Become a MacRumors Supporter for $50/year with no ads, ability to filter front page stories, and private forums.

ArtOfWarfare

macrumors G3
Original poster
Nov 26, 2007
9,699
6,268
As a homework assignment, I'm making a C++ program that reads a text file and reports how many times each word appears.

Two requirements for the assignment are that we have to use hashes, and we have to use a vector with the indexes being the hashes.

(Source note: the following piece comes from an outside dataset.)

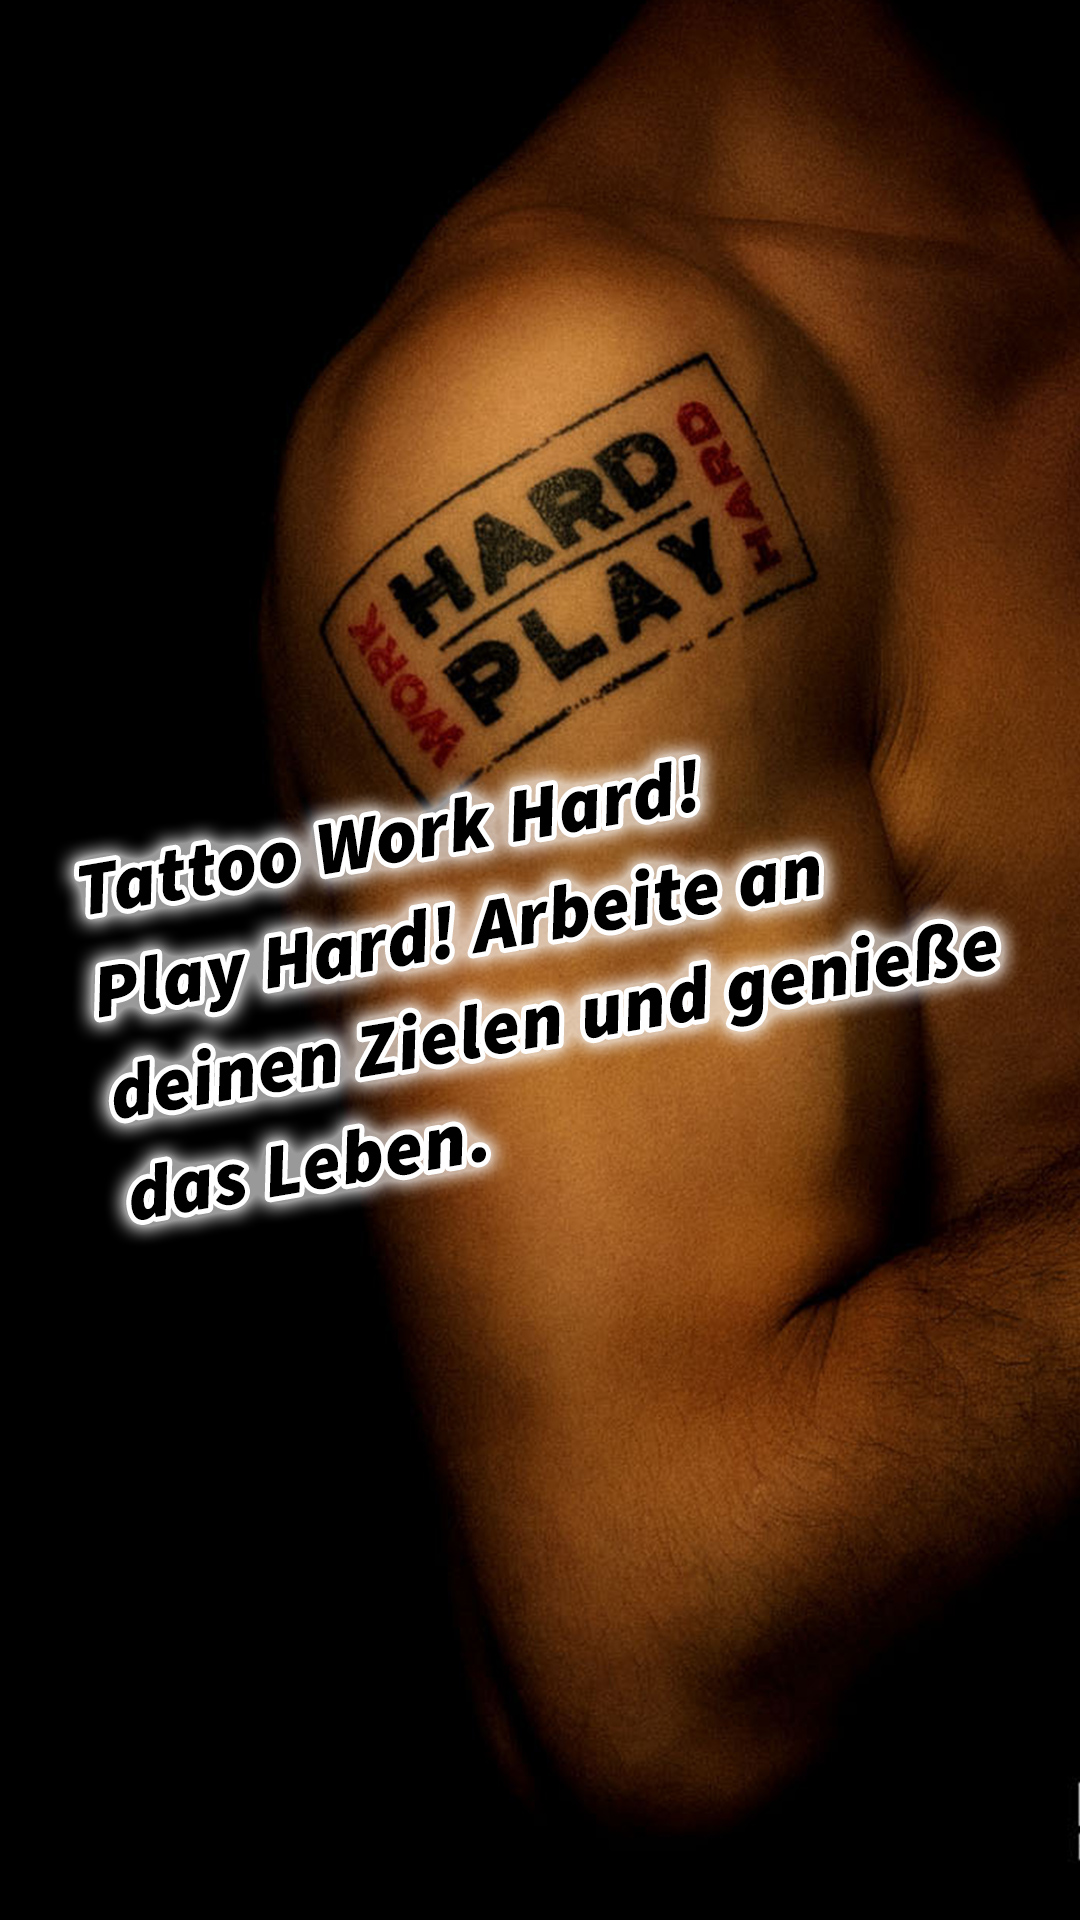 Tattoo Work Hard! Play Hard! Arbeite an deinen Zielen und genieße das Leben.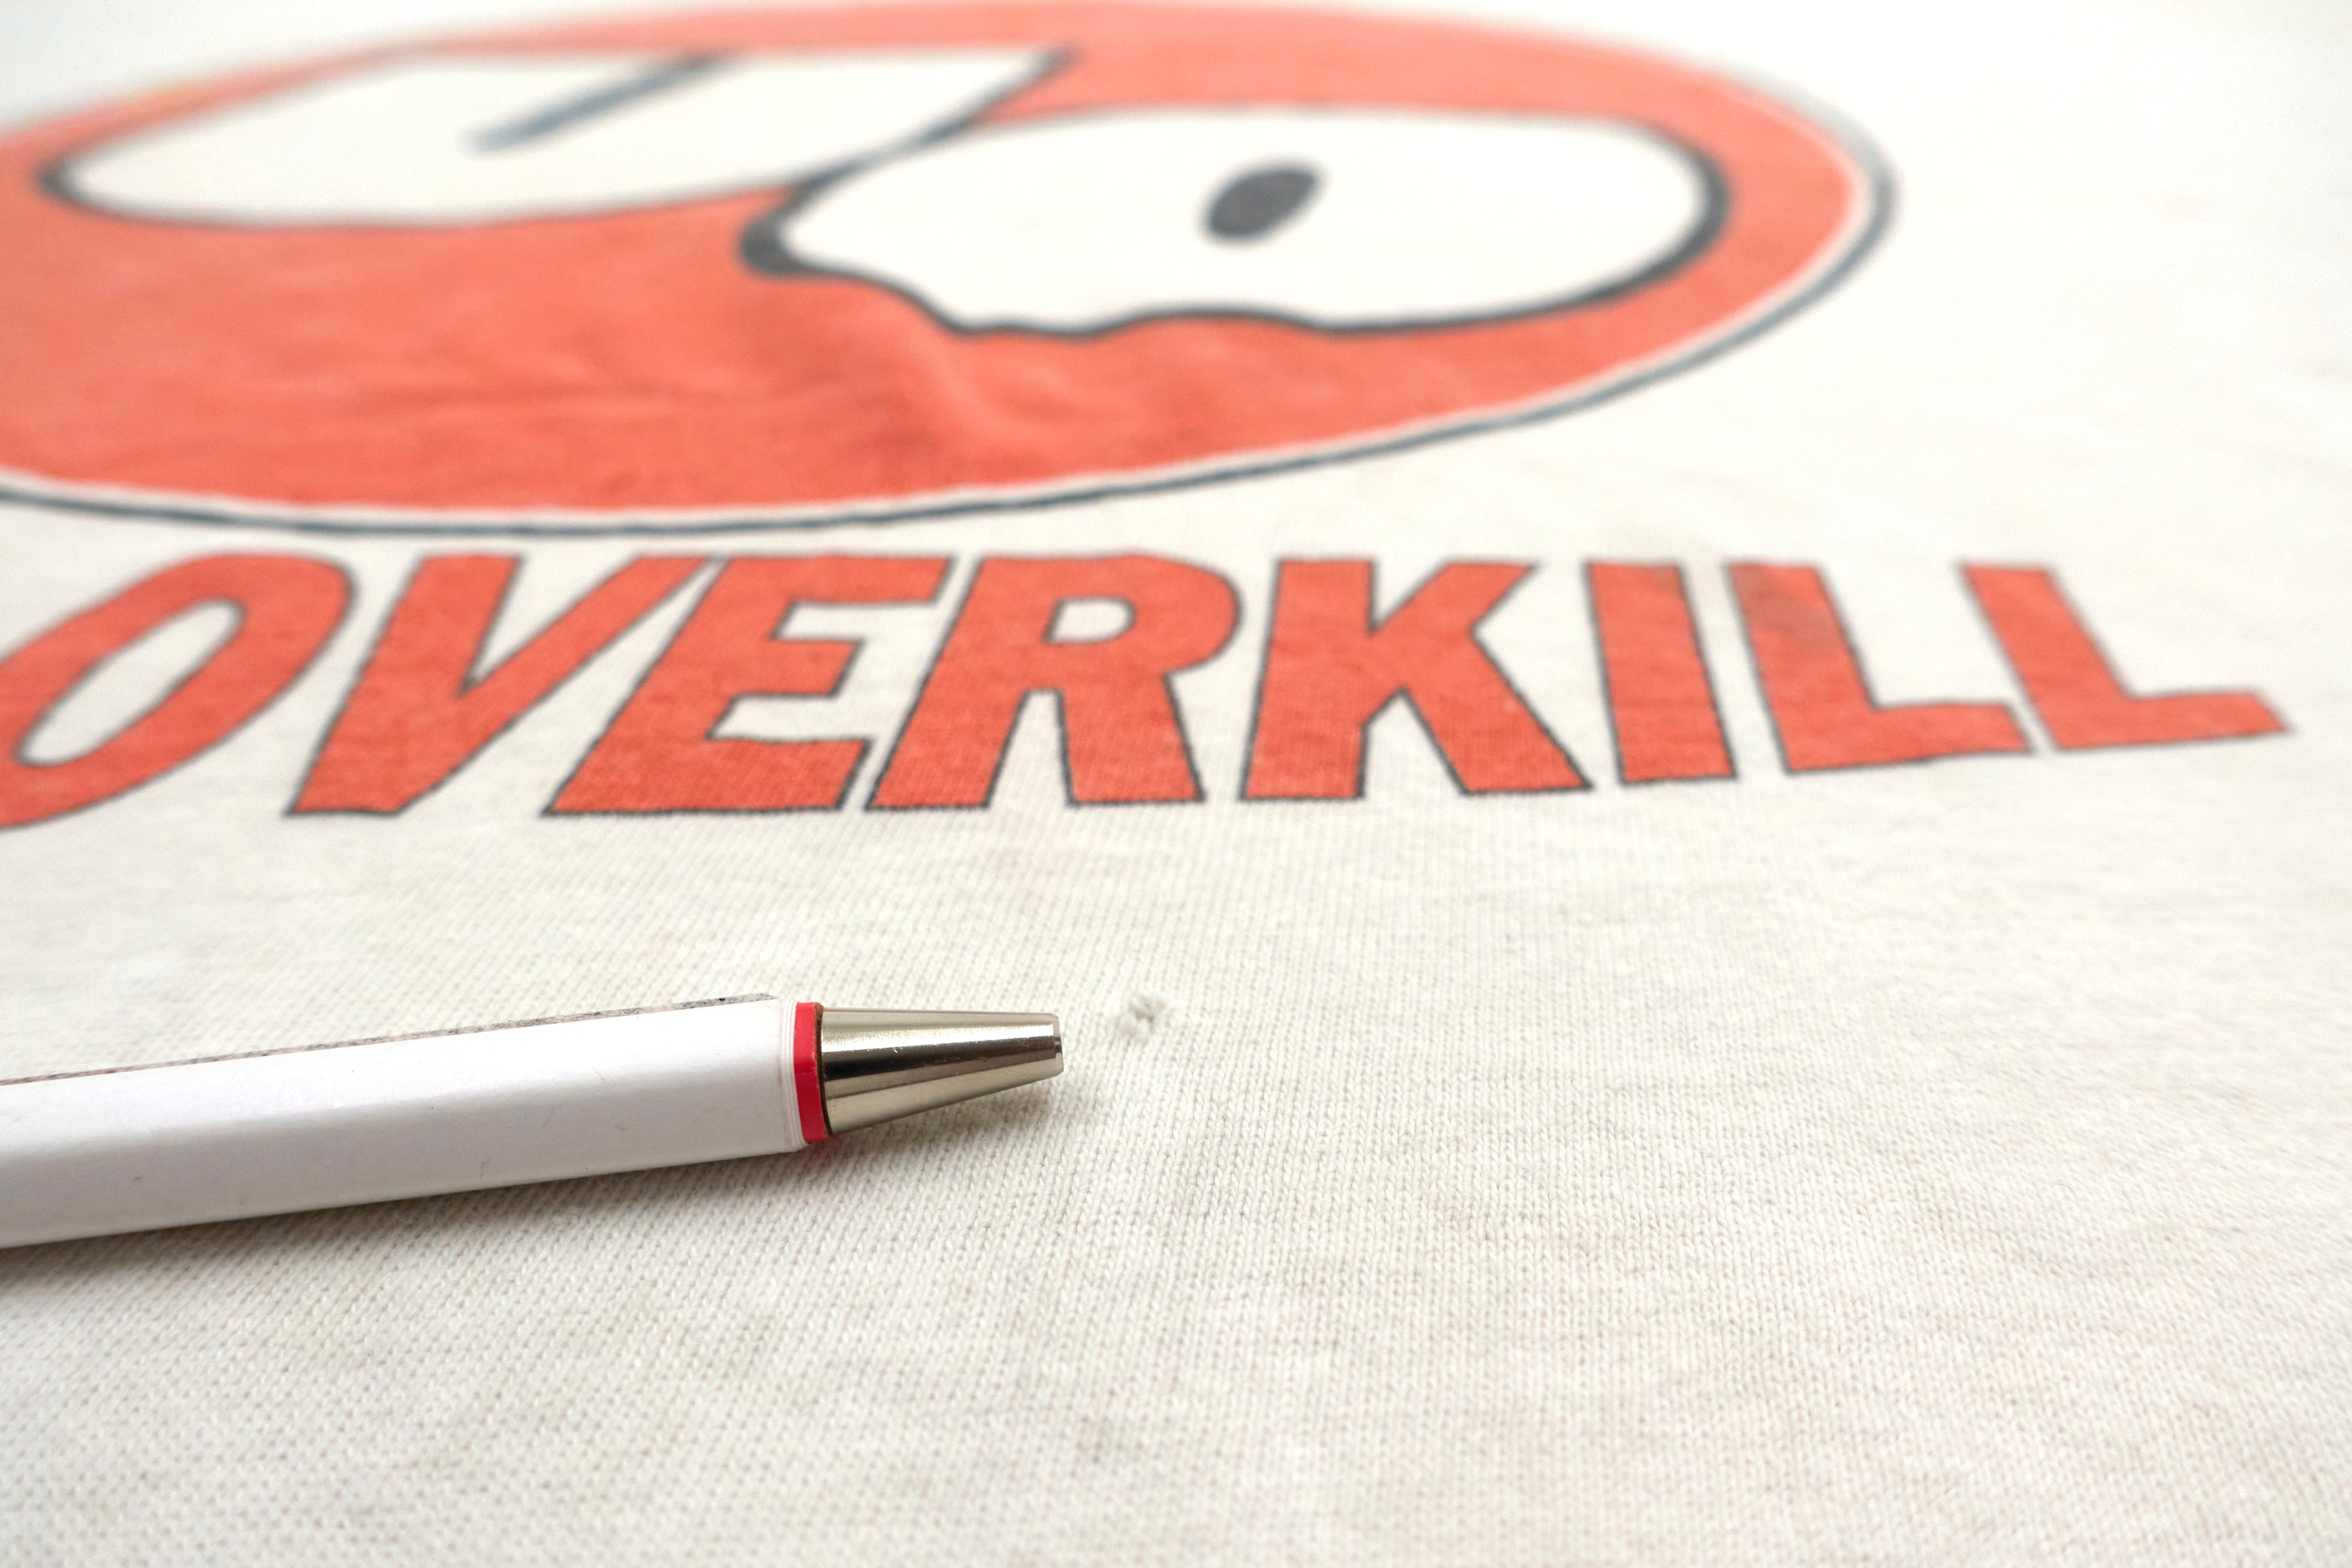 Urge Overkill - Unocal 76 Balll Logo Saturation 1993 Tour Shirt Size XL

So my program reads each word, then computes a hash (which will be a number less than 4096), then passes the hash and the word (as a string) to this function:

Code:
#include <iostream>
#include <fstream>
#include <vector>
#include <string>

using namespace std;

typedef struct wordRec {
	string word;
	int occurances;
};

vector<wordRec *> words;

void foundWord (string word, unsigned int hash)
{
	cout << "Over here! I have picked up " << word << endl;
	if ((hash <= words.capacity()) && words[hash])
	{
		if (words[hash]->word == word)
		{
			words[hash]->occurances++;
			cout << words[hash]->word << " has now been found " << words[hash]->occurances << " times." << endl;
		}
		
		else
		{
			foundWord (word, hash+4096);
		}
	}
	
	else
	{
		struct wordRec * newWord = new wordRec();
		newWord->word = word;
		newWord->occurances = 1;
		cout << "First time " << newWord->word << " has been found. Hash is " << hash << endl;
		if (words.capacity() < hash)
		{
			cout << "I came here..." << endl;
			words.reserve(hash+2);
			cout << "And I won. Capcity is now " << words.capacity() << endl;
		}
		words.insert(words.begin()+hash, newWord);
		cout << "It has been inserted." << endl;
	}
}

This function first checks whether the vector uses the hash yet. If it does, it checks to see if the word at that hash is the same as the one that was passed to the function. If it is, then it just increments the occurrence counter. If it isn't the same word, then it calls itself but with a hash 4096 greater.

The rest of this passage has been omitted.